Ответить он не мог. Солдат потерял способность соображать, он больше не понимал, что происходит. Упал на колени и завалился на бок. Через секунду я был возле него. Губы солдата посинели, и зубы окрасила кровь.
— Нет, — прошептал он, когда я отодрал его пальцы от камеры. Он уже ничего не видел, но чувствовал, где я. Ощупал мое лицо. — Не бери ее. Если ты ее заберешь, то кто скажет миру?
Если ты ее заберешь, то кто скажет миру?
Эти слова остались со мной. Они останутся со мной до конца моих дней. Кто скажет! Я долго смотрю на небо над домом, на черный дым, поднимающийся к луне. Кто скажет? Ответ один: никто. Никто не скажет. Все кончено. Это — последняя запись в моем дневнике. Я больше ничего не напишу. Остальная часть моей истории записана на пленку, она в камере, и то, что произошло сегодня, так и останется тайной.
Токио, лето 1990
Иногда приходится совершить усилие. Даже если устала и голодна и находишься где-то в чужой стороне. Так было со мной в то лето в Токио. Я стояла возле двери профессора Ши Чонгминга и дрожала от волнения. Постаралась придать волосам аккуратный вид, долго возилась со старой юбкой из «Оксфам»note 4 — вычищала пыль, разглаживала ладонями измявшуюся в дороге ткань. Оттолкнула ногой видавшую виды сумку, которую привезла с собой: я не хотела, чтобы она сразу бросилась ему в глаза, потому что самое главное — выглядеть нормальной. Пришлось сосчитать до двадцати пяти, сделать несколько глубоких вдохов, чтобы набраться смелости изаговорить.
— Привет, — сказала я нерешительно, приблизив лицо к двери. — Вы здесь?

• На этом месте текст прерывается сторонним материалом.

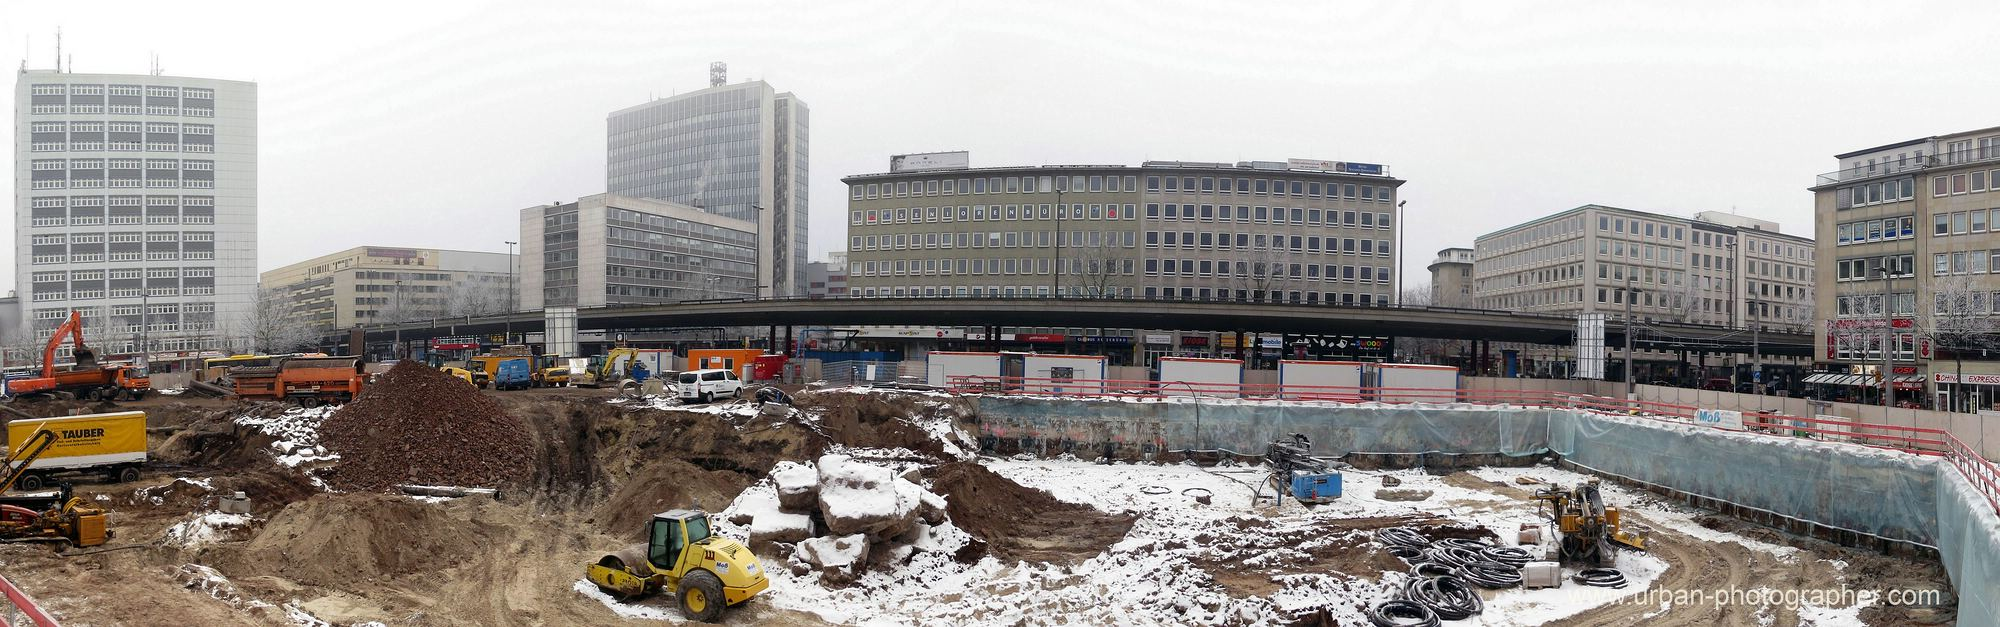 Baustelle Bahnhofsplatz 17

Немного подождала, прислушалась. Слышно было шарканье, но к двери никто не подошел. Снова подождала, сердце колотилось все громче. Затем постучала.
— Вы меня слышите?
Дверь отворилась, я в удивлении сделала шаг назад. В дверном проеме стоял Ши Чонгминг, очень элегантный и достойный. Руки по швам, словно он предлагал себя осмотреть. Был он невероятно маленький, кукольный, правильные черты лица, узкий подбородок, длинные седые волосы… казалось, он накинул на плечи белоснежную шаль. Я стояла открыв рот, потеряв дар речи.